Yes? Then if you see it, you can name it! You can name God into the office, the grocery, cancer ward. You can name God into your home room, your dorm room, or your assisted living room. With God’s wise insight, that you can gain here in church, you can look into the wild, seemingly untamable places of your life and be confident that God is there as well.
Here is a nimbus. [hold up a large gold charger behind your head] Actually, it’s a charger from my dining table, but it makes a good substitute!
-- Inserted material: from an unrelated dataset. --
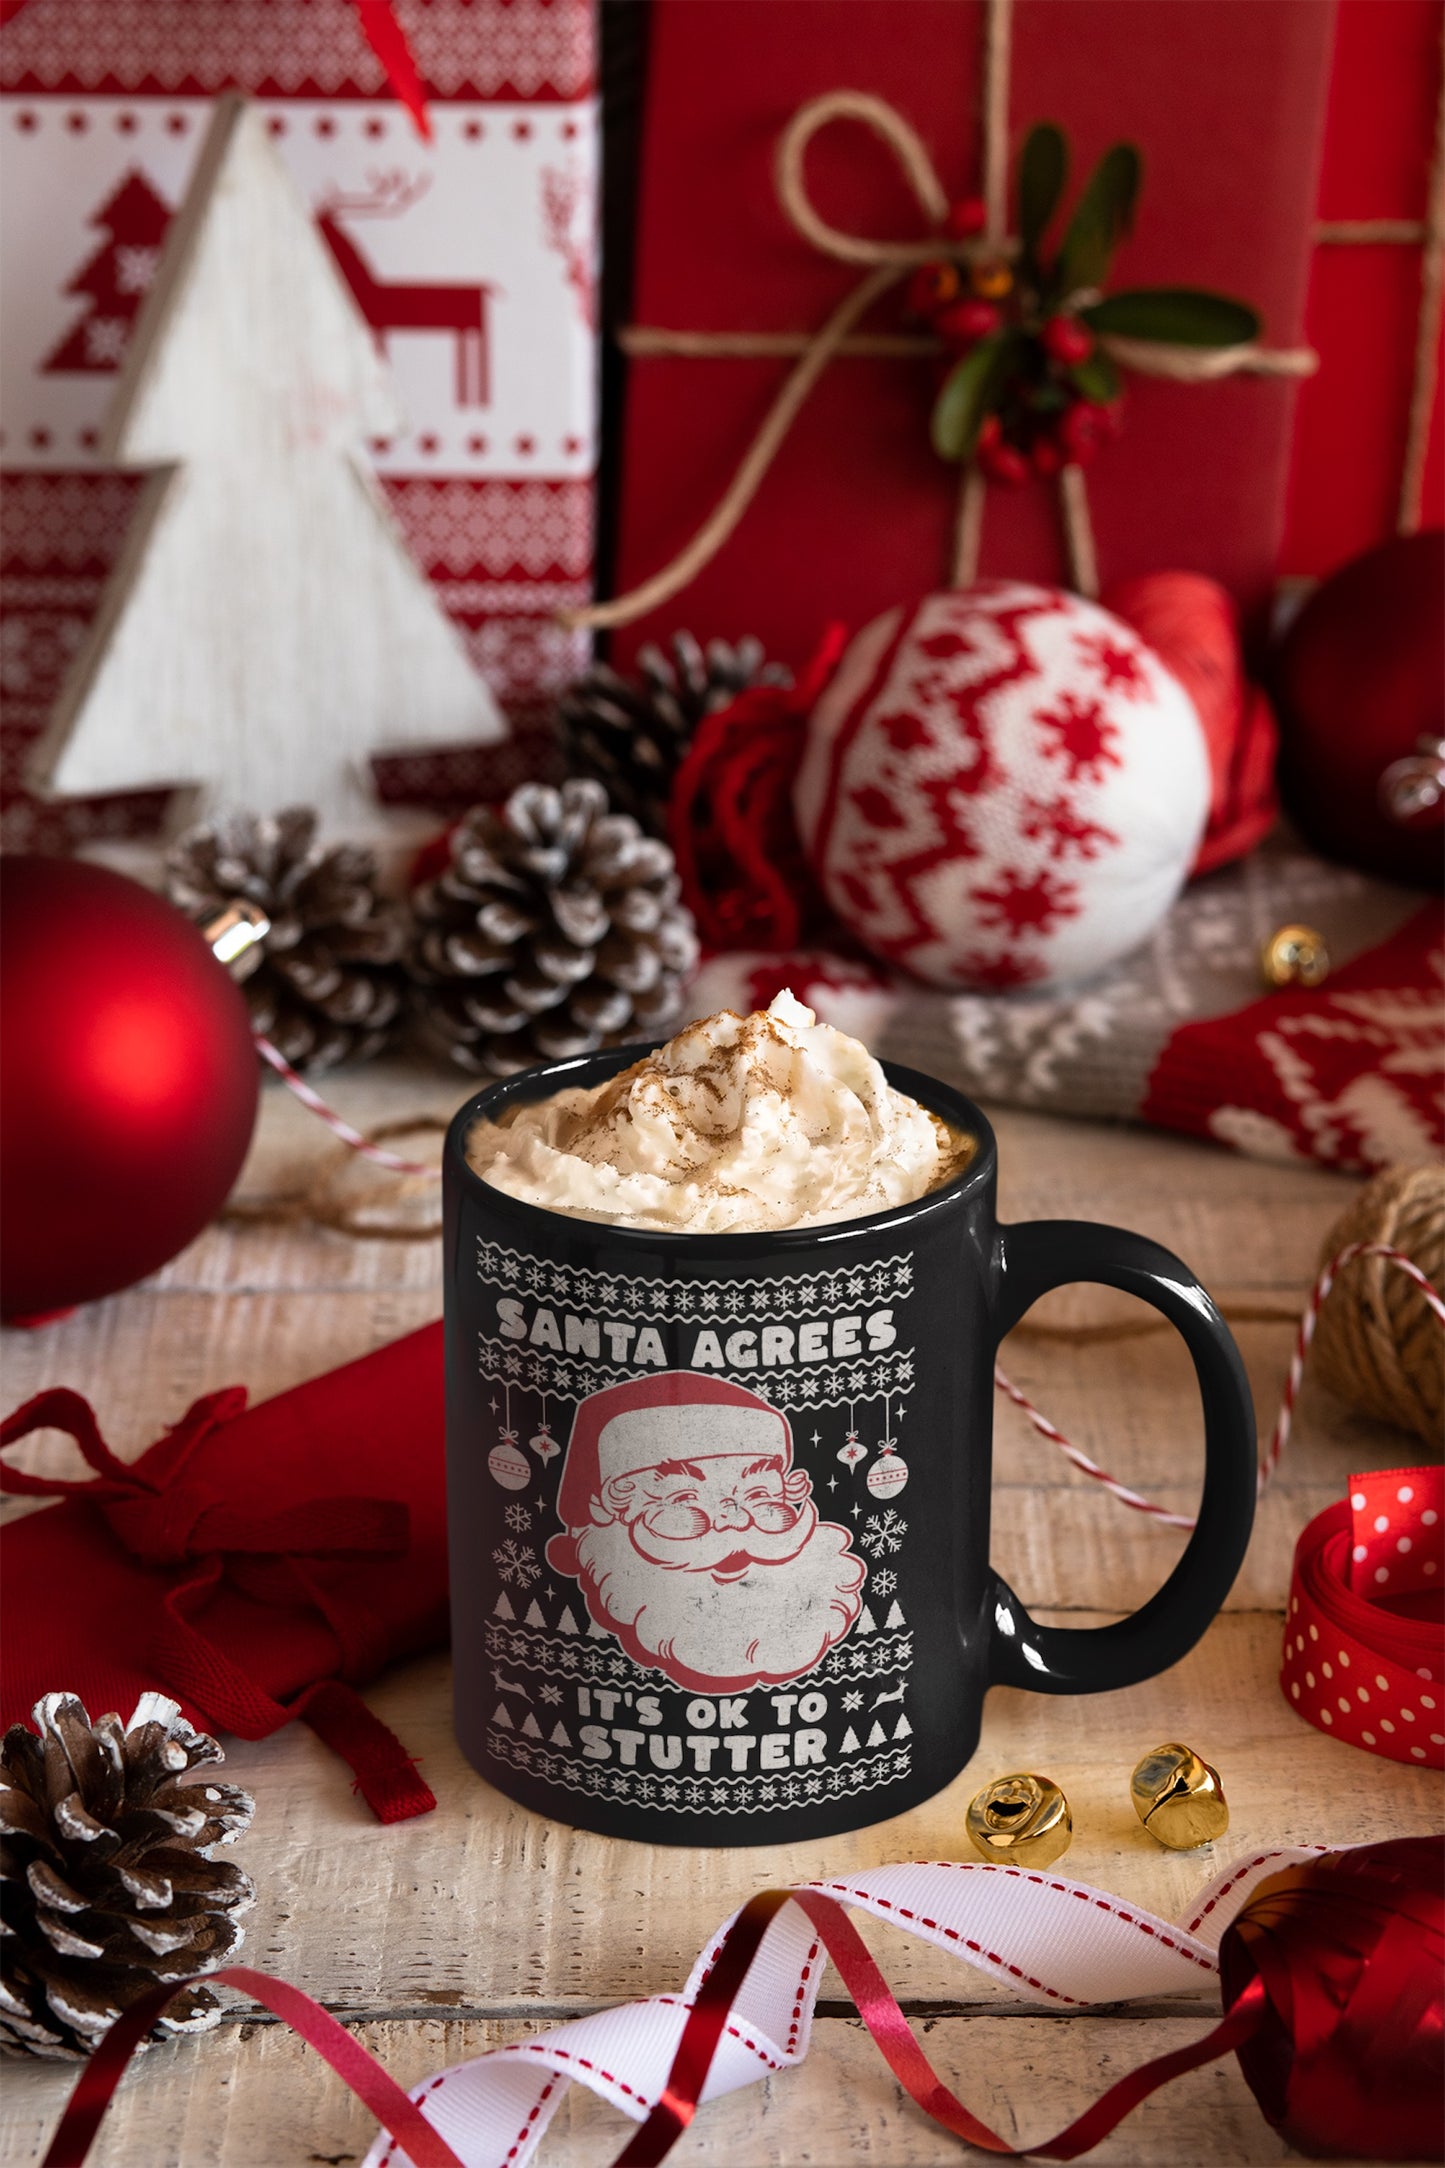 Santa Agrees It's OK to Stutter Christmas Coffee Mug

I don’t have enough for everyone here today, but we might keep this going for a few weeks. I invite you take a portable nimbus with you today and use it to name God into your workaday world. With God’s help you can see the holy in people and places that you’d never expect. If Jesus can be the Messiah of God, then we can be sure that God waits for us in whatever Bethlehem we have to go to tomorrow morning. There, in that place, you can imagine God both meeting you and using you in your many roles as employee, parent, spouse, friend, citizen, and volunteer, to extend God’s love and blessing to an often faithless world. I invite you, in short, to hear and see God at work outside of the church, but then bring your witness back to the church. Place the nimbus behind people or in situations or places where you see the Holy One at work and then take a digital picture of it. Please send the pics to me at preacher1120@gmail.com or tweet them with the hashtag #doyouseewhatIsee along with a description of your insight. If you will permit us, we will share the photos on our website and in worship over the coming weeks. Please bring the charger back next week to share with another!
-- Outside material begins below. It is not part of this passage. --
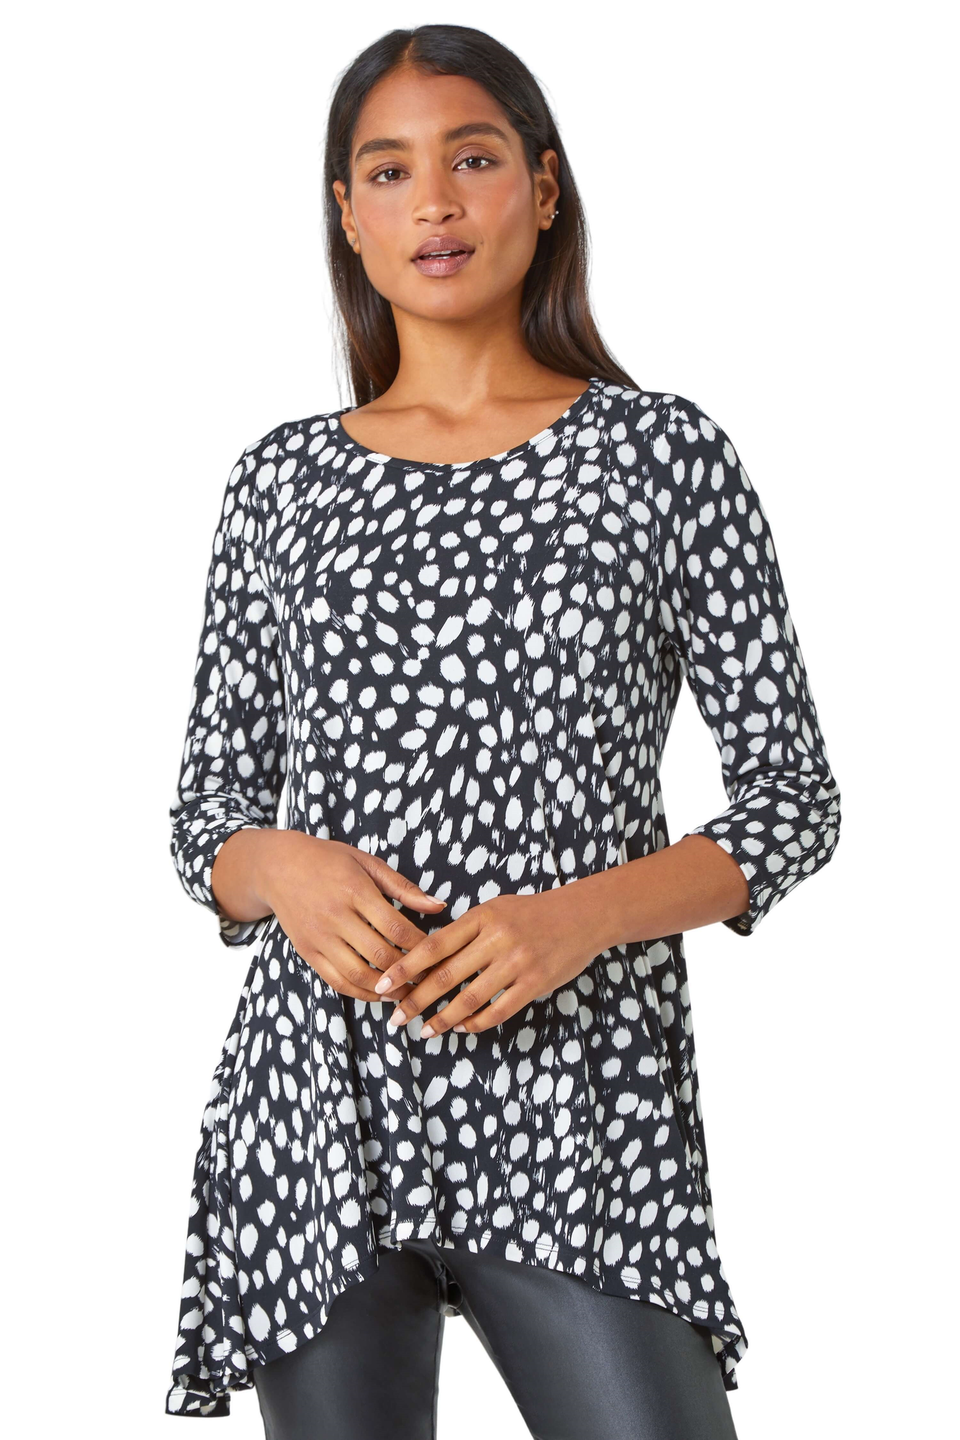 Tunic Tops for Women | Ladies Print & Plain Tunics – Matalan

I look forward to seeing you discover that which is holy in the midst of the places that you once thought profane. God is at work in the places we least expect.
For “Christ plays in 10,000 places, lovely in limbs and lovely in eyes not his.”
God has made it possible for us to sidle up next to a faithless world and ask,
Do you see what I see?
Look at the subway musician: Do you see what I see?
Look at the senior vice-president of operations! Do you see what I see?
Look at the IV bag. Look at the therapist. Look at these friends.
Look at you!
Do you see what I see?
[1] David J. Lose, “Do You See What I See?,” Dear Working Preacher, December 5, 2010, http://www.workingpreacher.org/craft.aspx?m=4377&post=1567.
[2] from the poem “As kingfishers catch fire…” in G.M. Hopkins, Selected Poems of Gerard Manley Hopkins, ed. B. Blaisdell, Dover Thrift Editions (Dover Publications, 2013), 46.